TASK DETAILS —
Starting at the line that contains "Bended coconut tree", retype each line to the end of the listing below. Include both ends, but not the pictures.

─── DATA BELOW ───

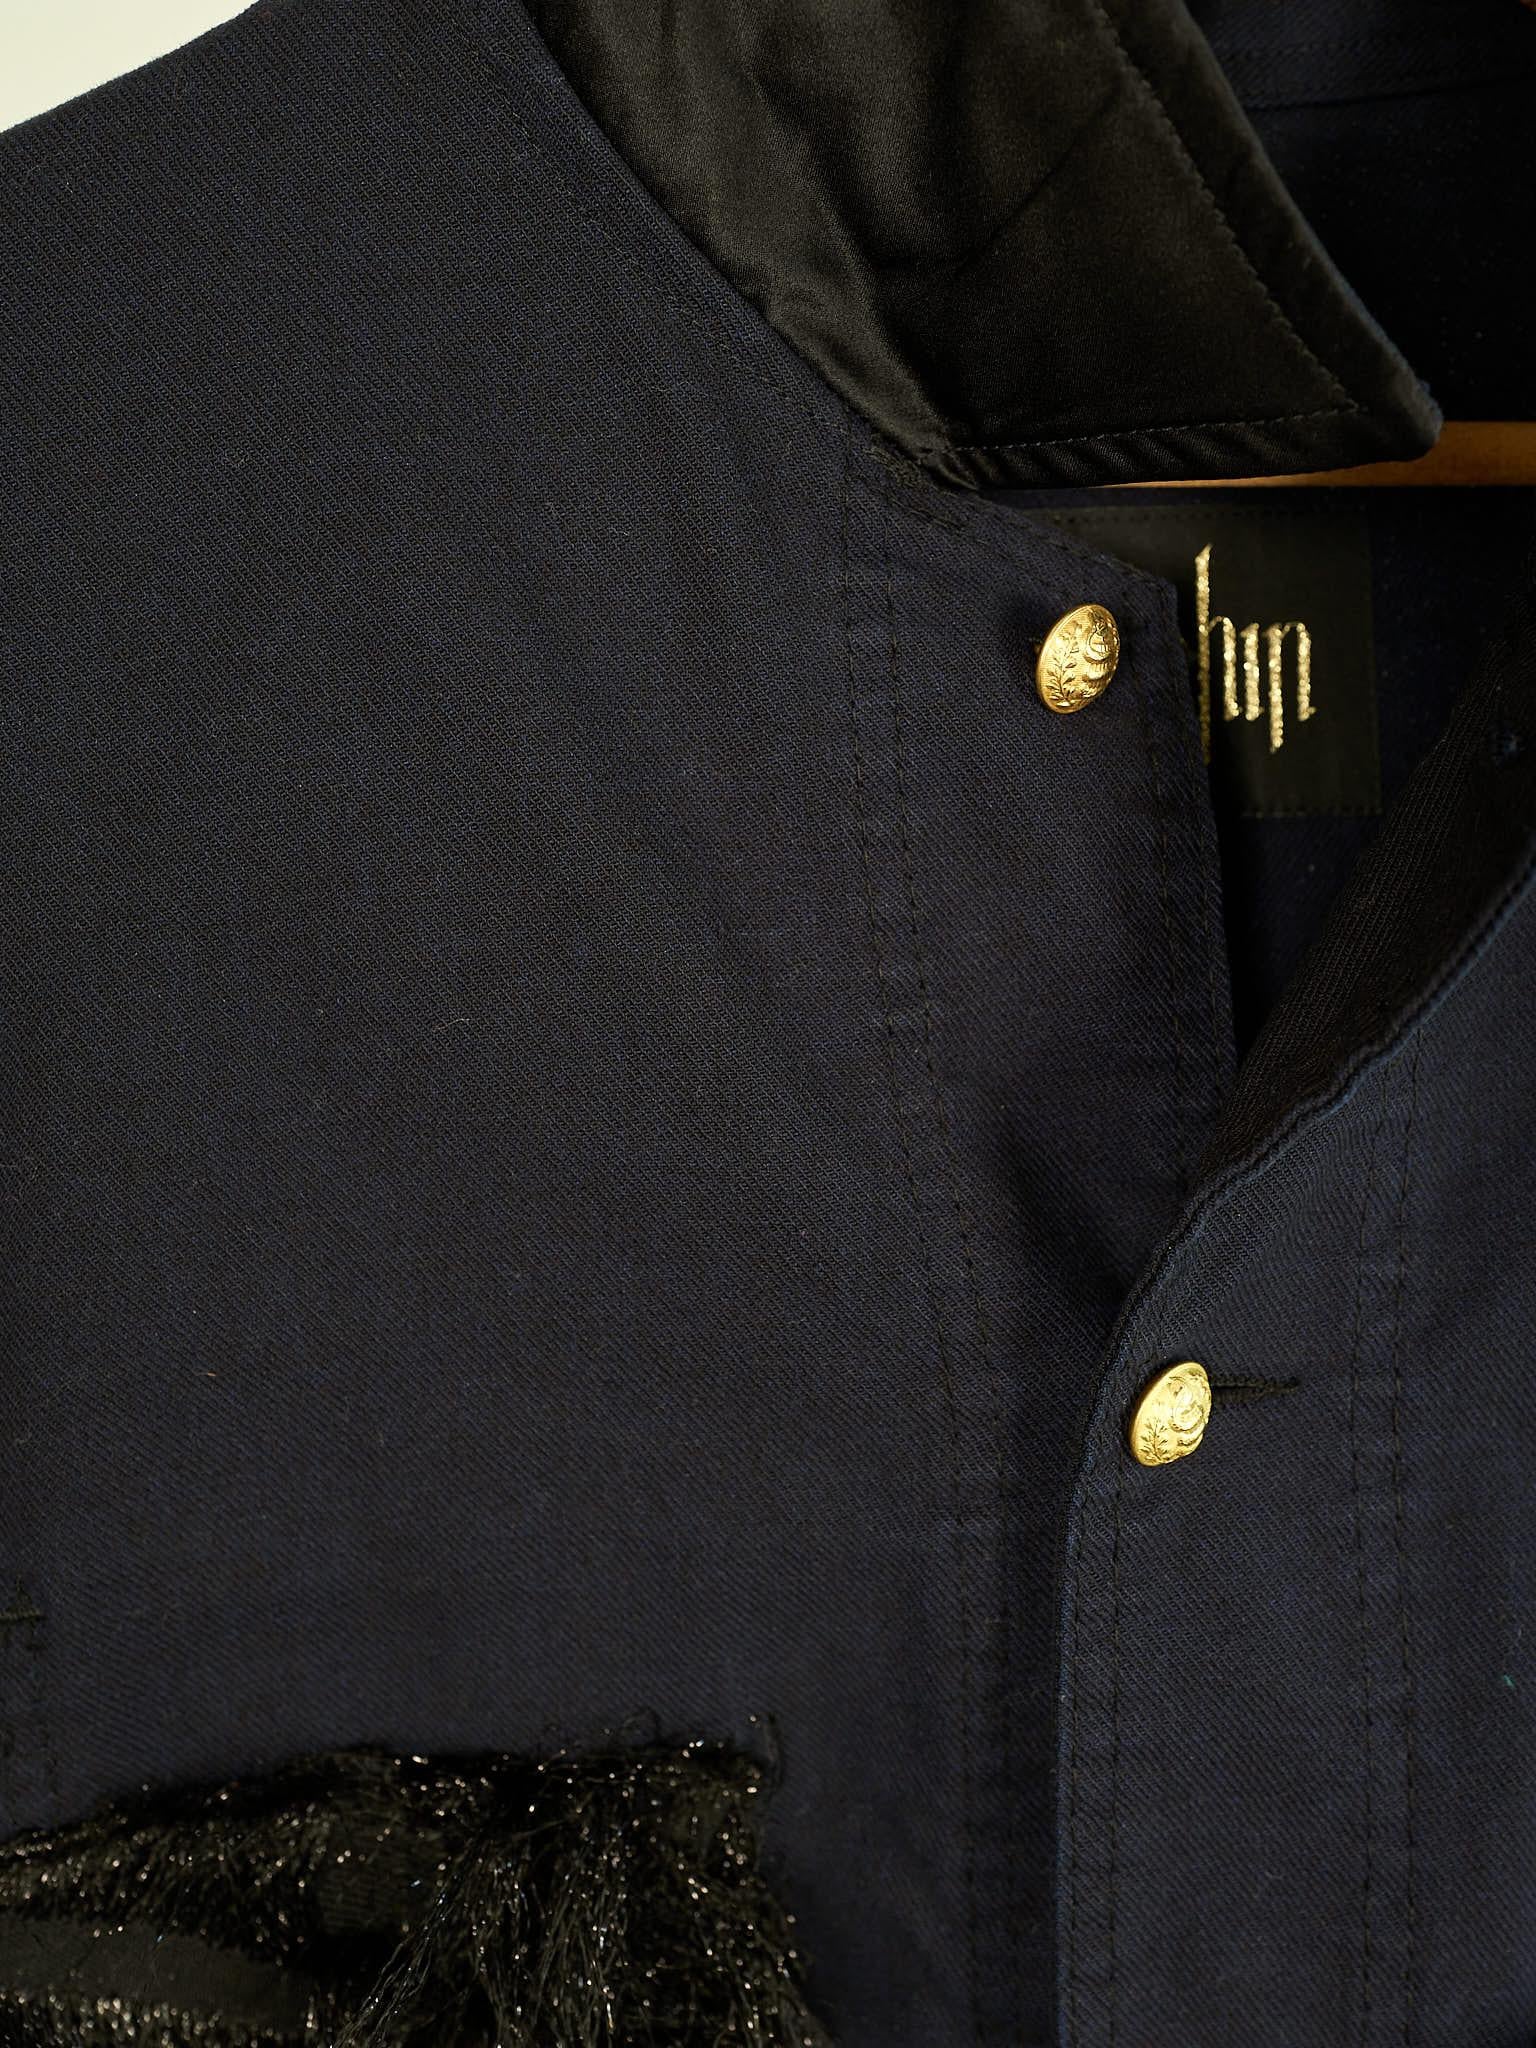 Fringe Tweed Jacket French Work Repurposed Vintage Dark Blue  J Dauphin 1
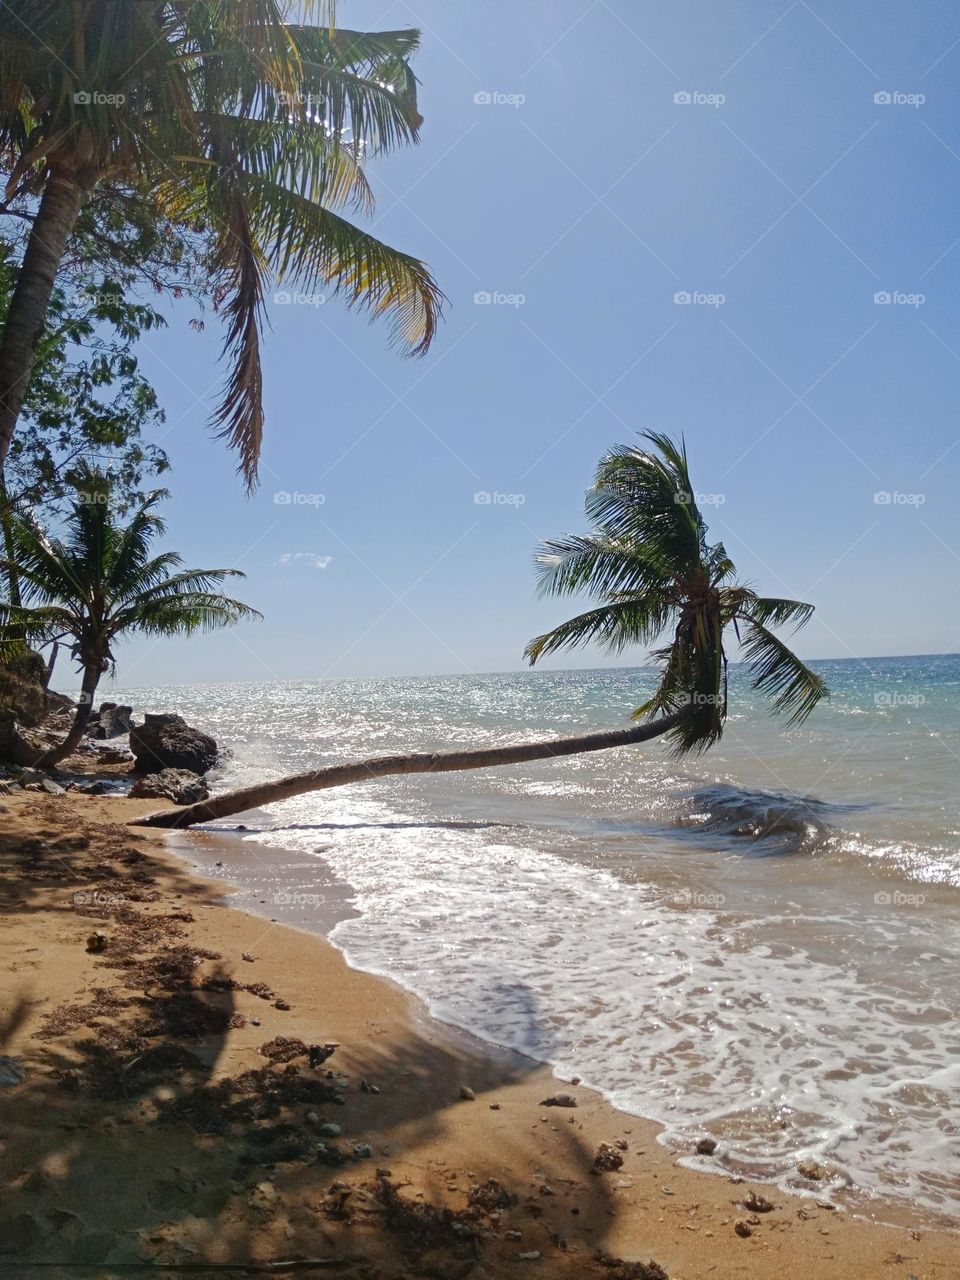 Bended coconut tree at Wataboo beach in Baucau
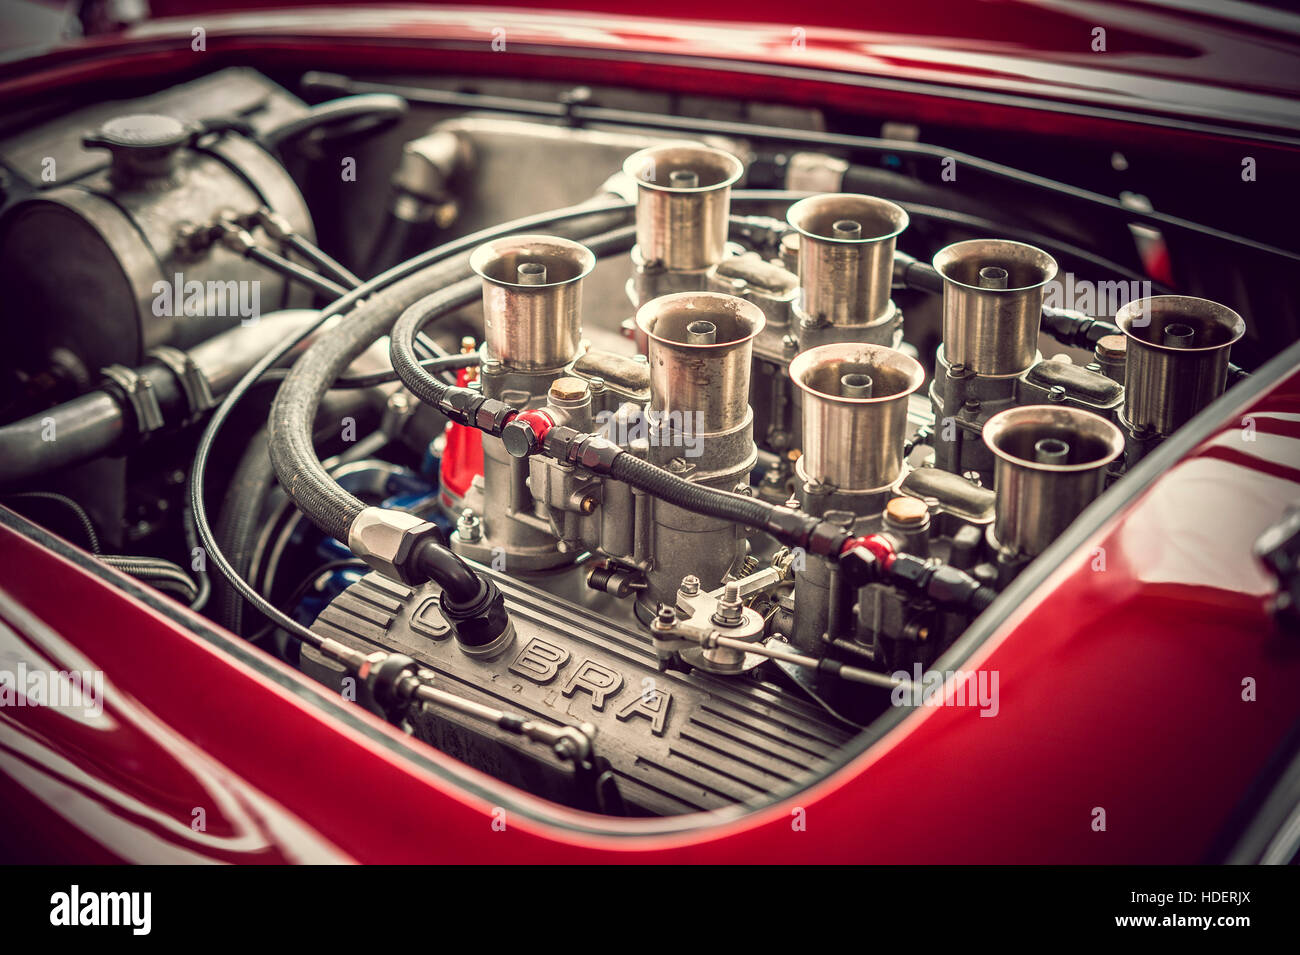 V8 Engine of Classic AC Cobra Car Stock Photo

───

SOLVED PROBLEM —
 Bended coconut tree at Wataboo beach in Baucau
 V8 Engine of Classic AC Cobra Car Stock Photo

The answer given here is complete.